WHAT TO PRODUCE. Everything from the line that holds "Morne Morkel claims" through the end of the listing below must be retyped word for word, without any pictures.

COLLECTED DATA.
*** Block opens ***
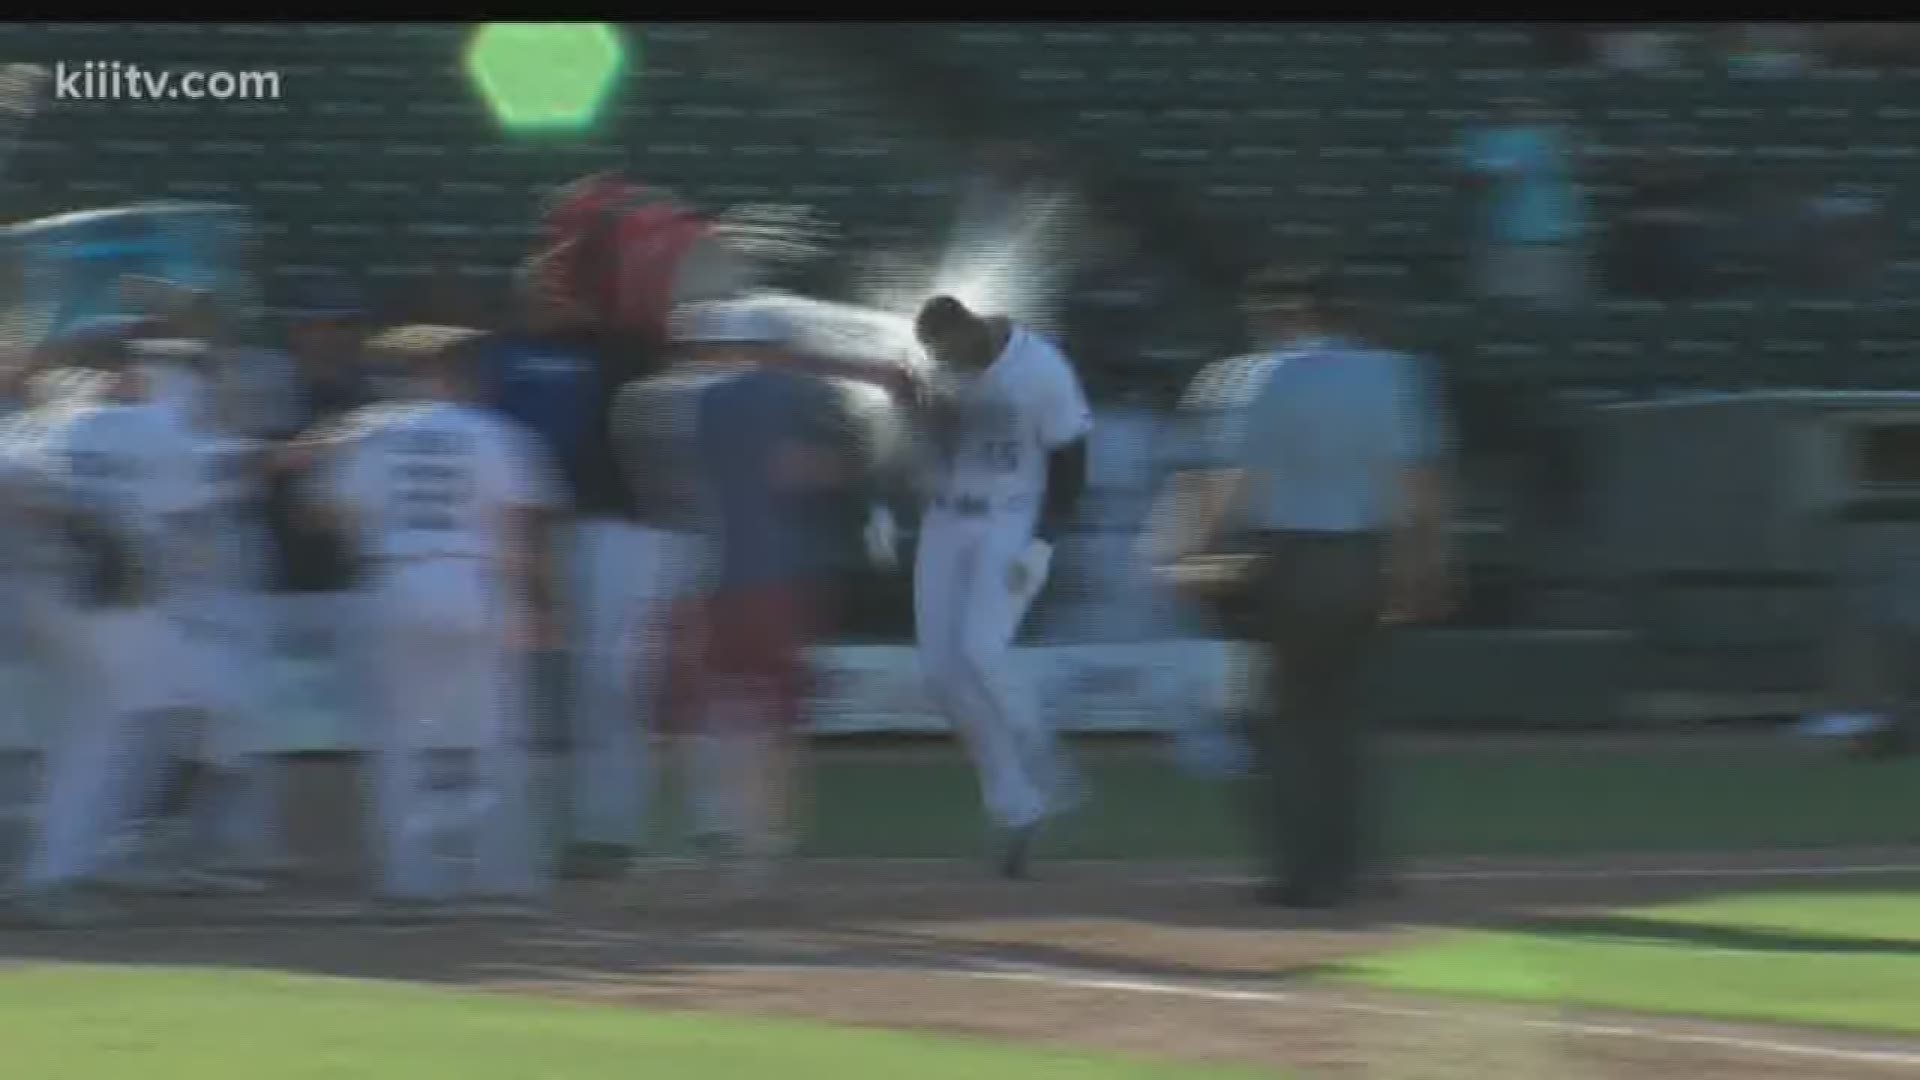 In a back-and-forth game, Yordan Alvarez delivered a walk-off homerun in the 11th inning to give the Hooks a 10-7 win over the Travelers.
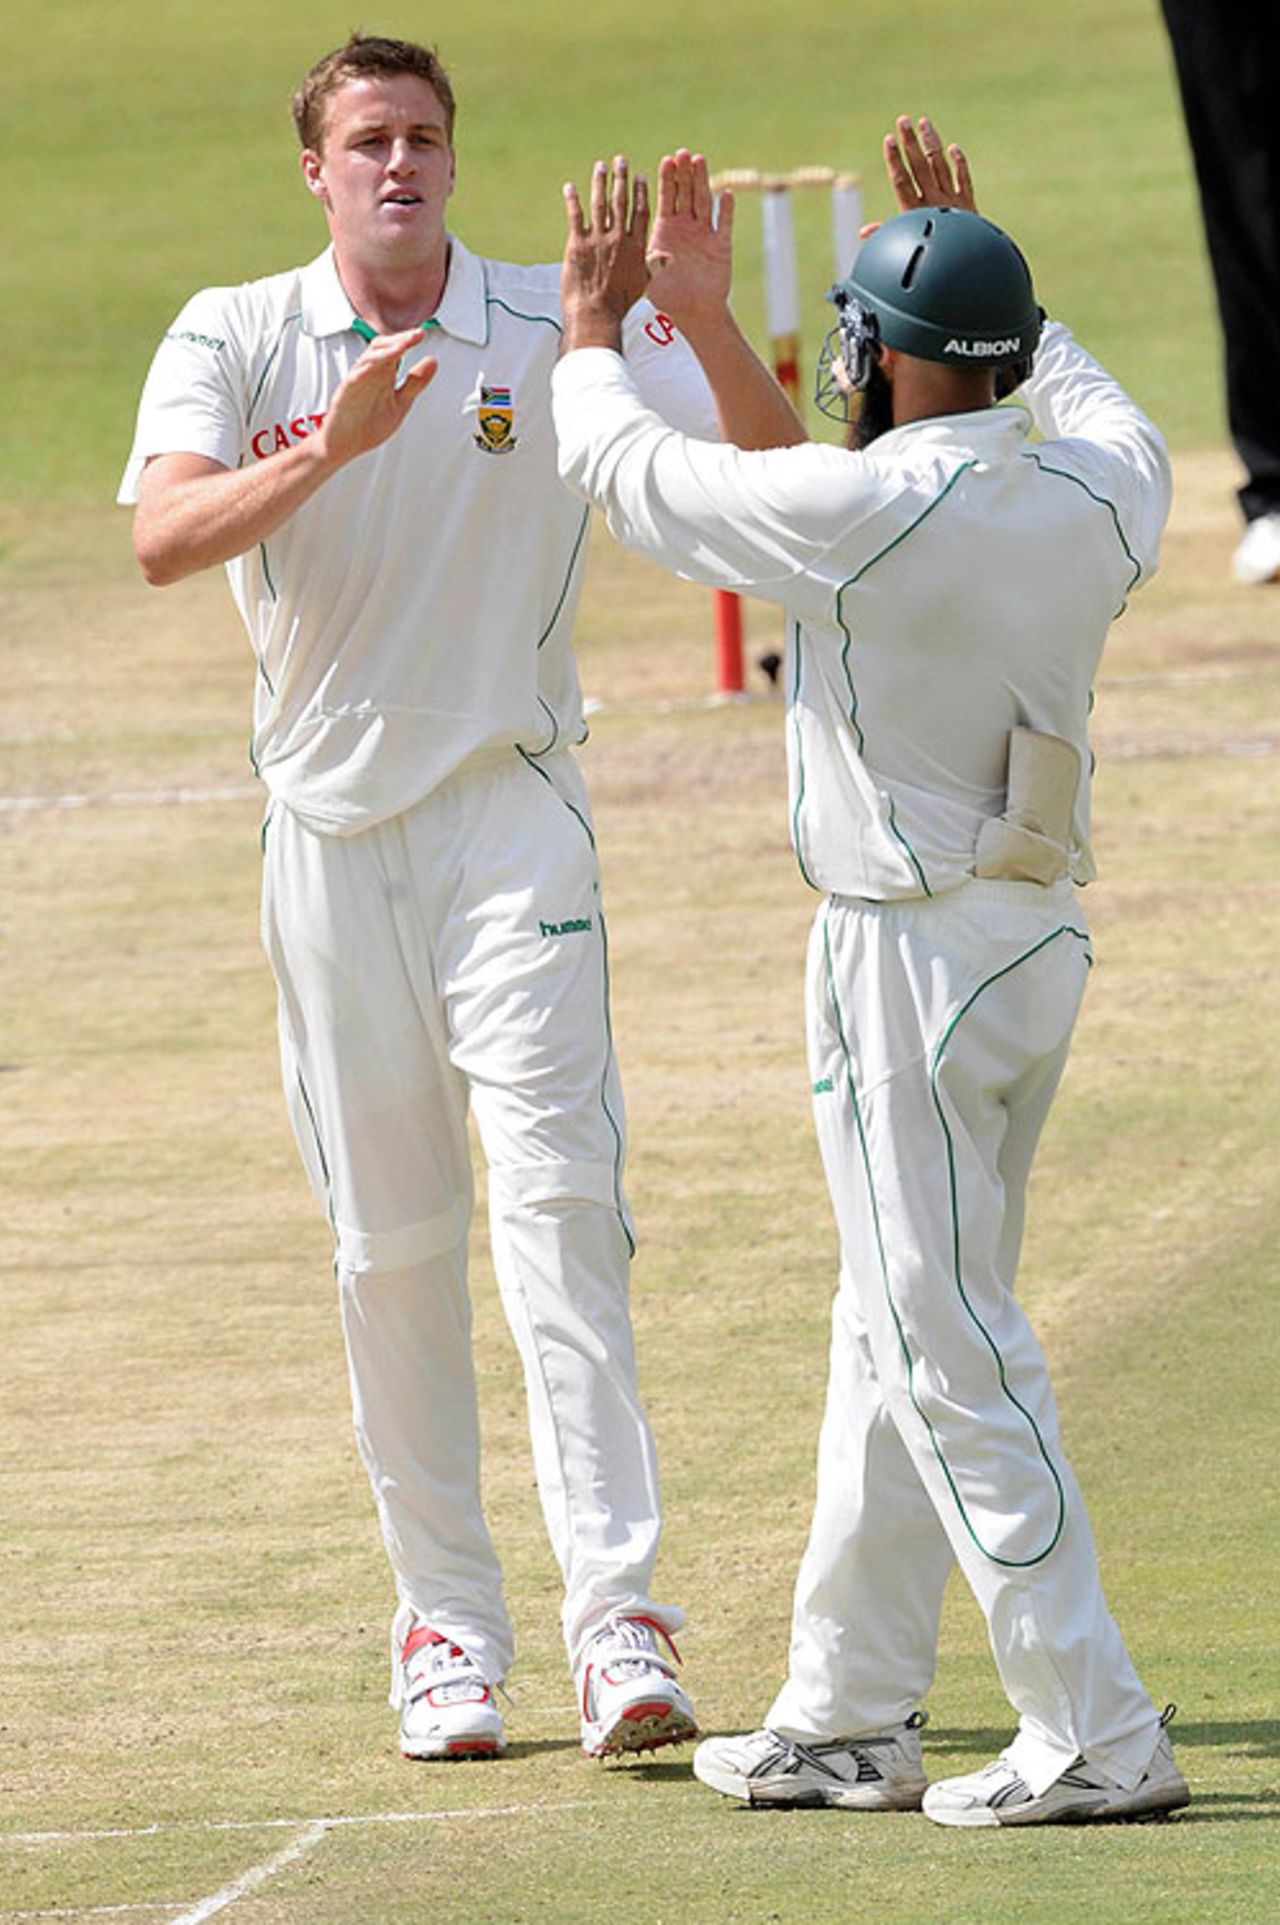 Morne Morkel claims another wicket as Bangladesh crumble, South Africa v Bangladesh, 1st Test, Bloemfontein, November 20, 2008
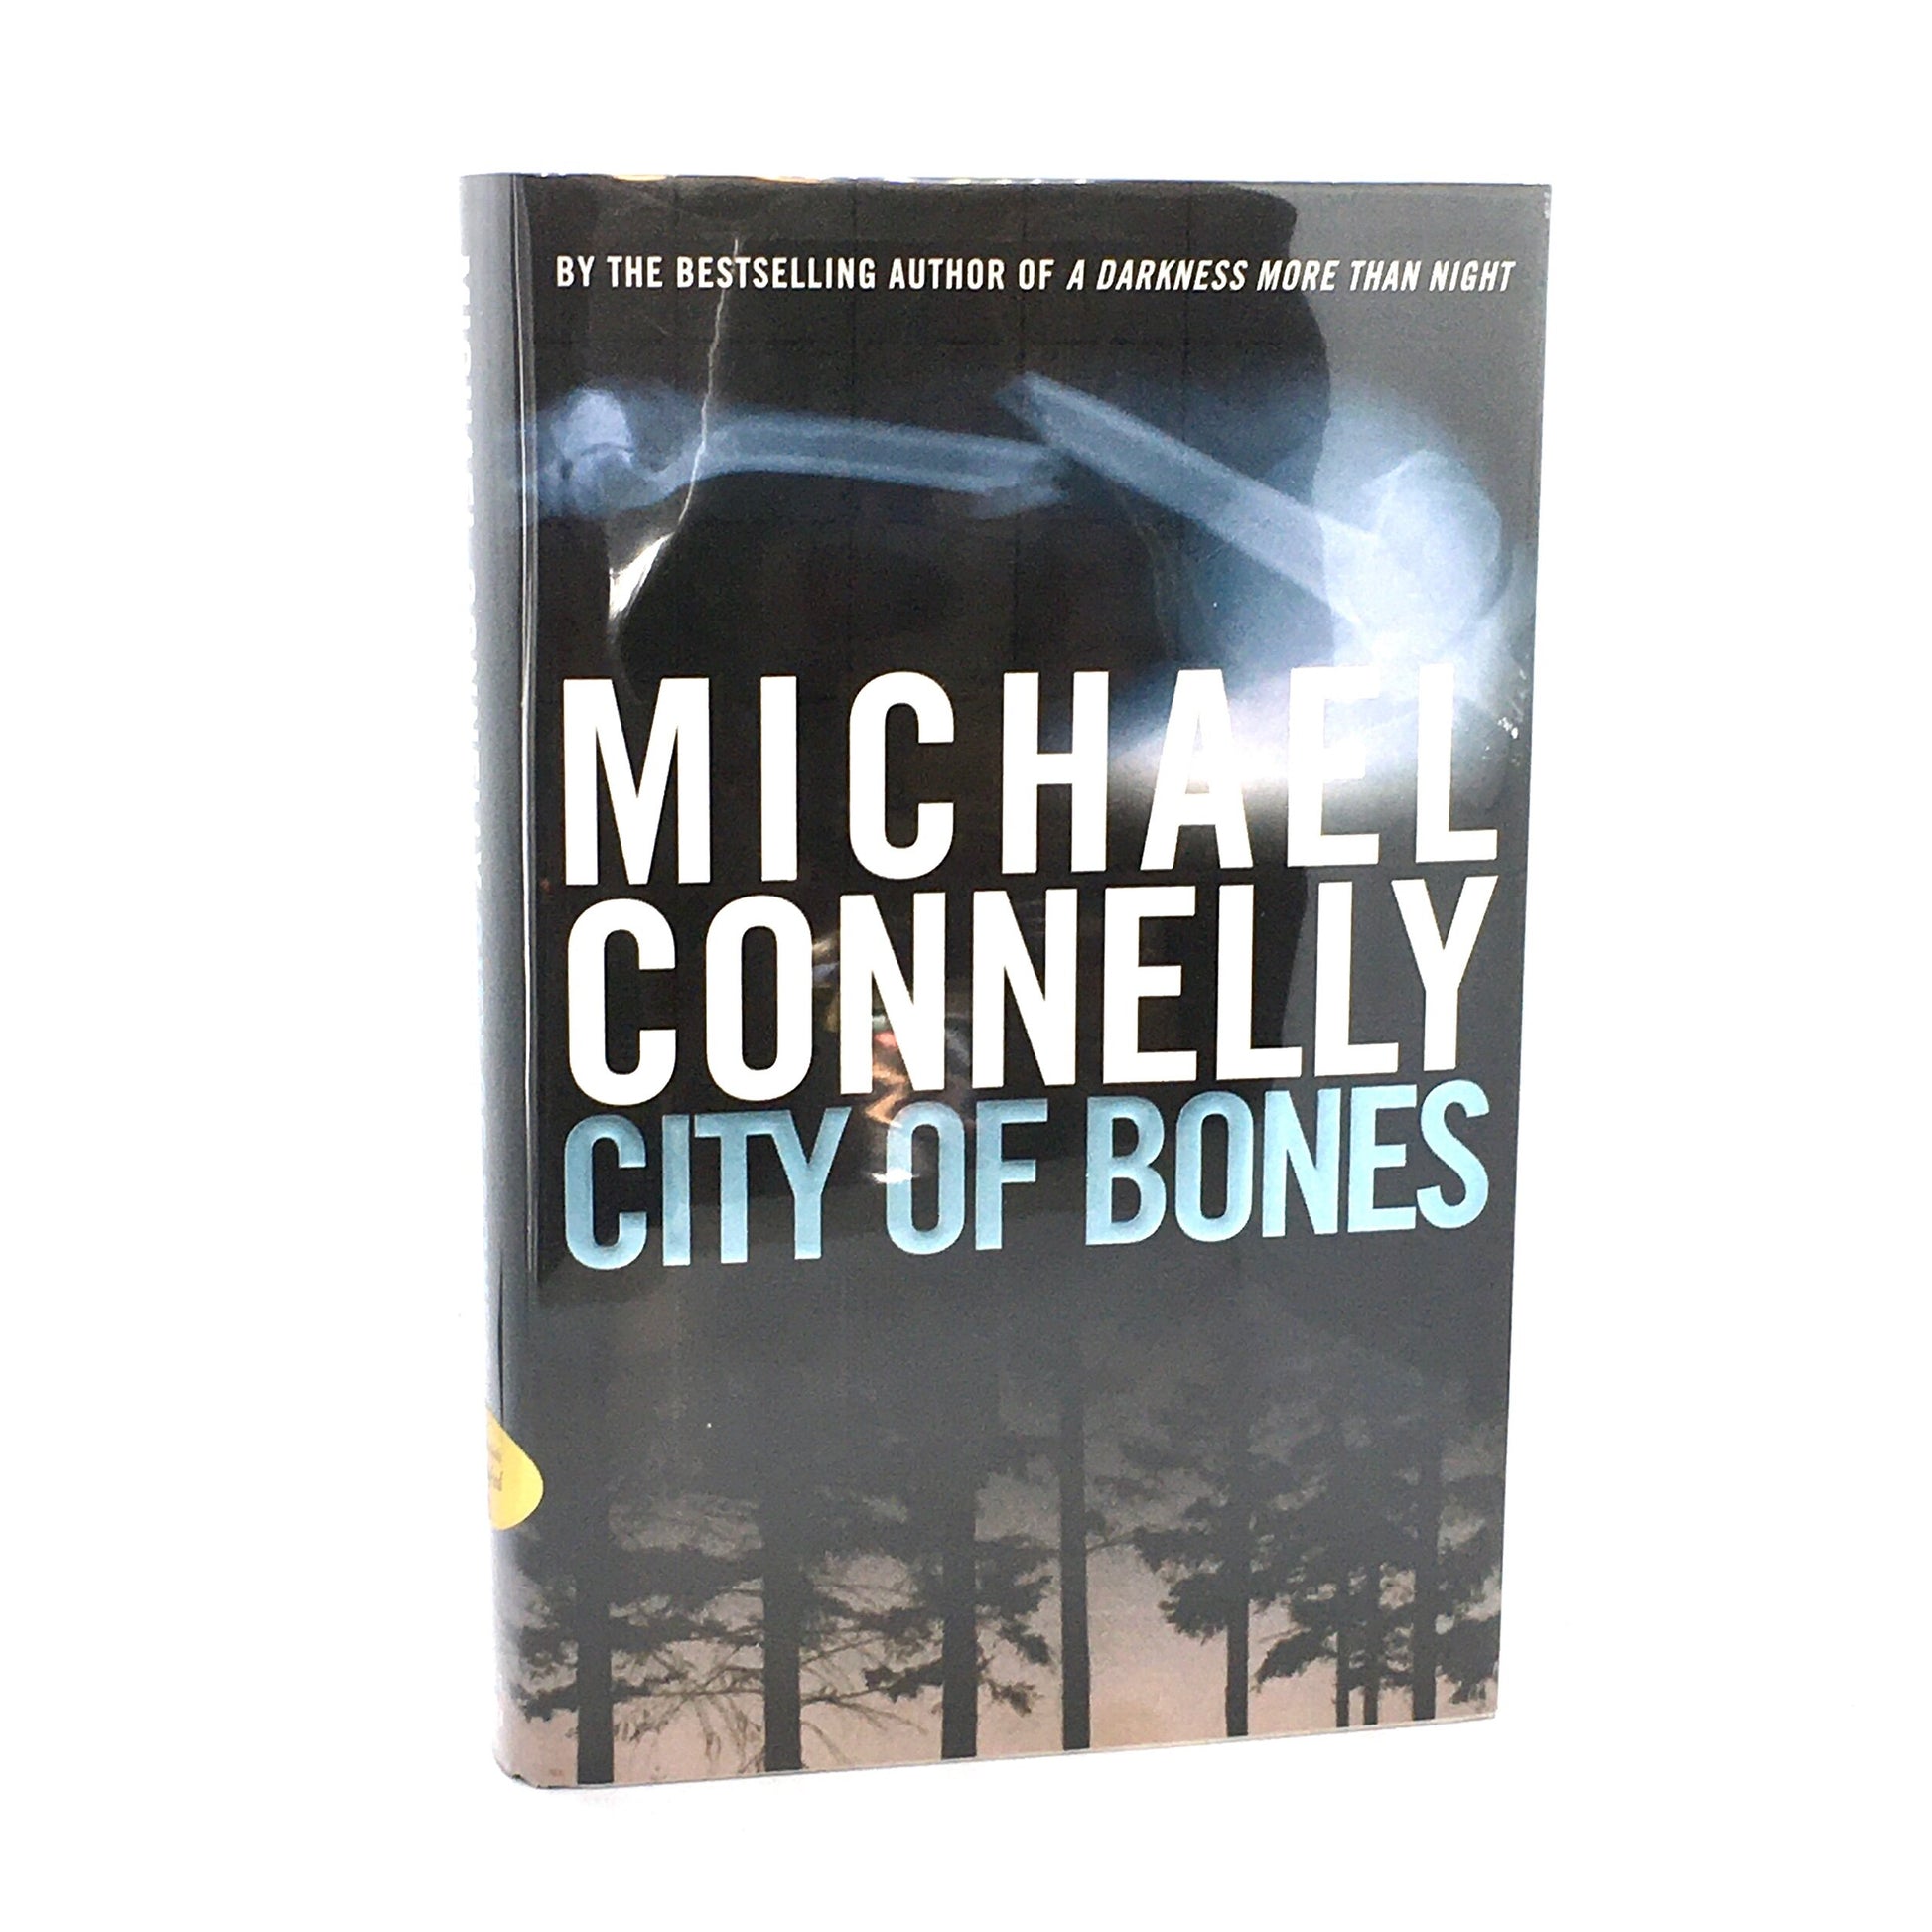 CONNELLY, Michael "City of Bones" [Little, Brown & Co, 2002] 1st Edition (Signed) - Buzz Bookstore
*** Block closes ***
ANSWER TO THIS TASK.
 Morne Morkel claims another wicket as Bangladesh crumble, South Africa v Bangladesh, 1st Test, Bloemfontein, November 20, 2008
 CONNELLY, Michael "City of Bones" [Little, Brown & Co, 2002] 1st Edition (Signed) - Buzz Bookstore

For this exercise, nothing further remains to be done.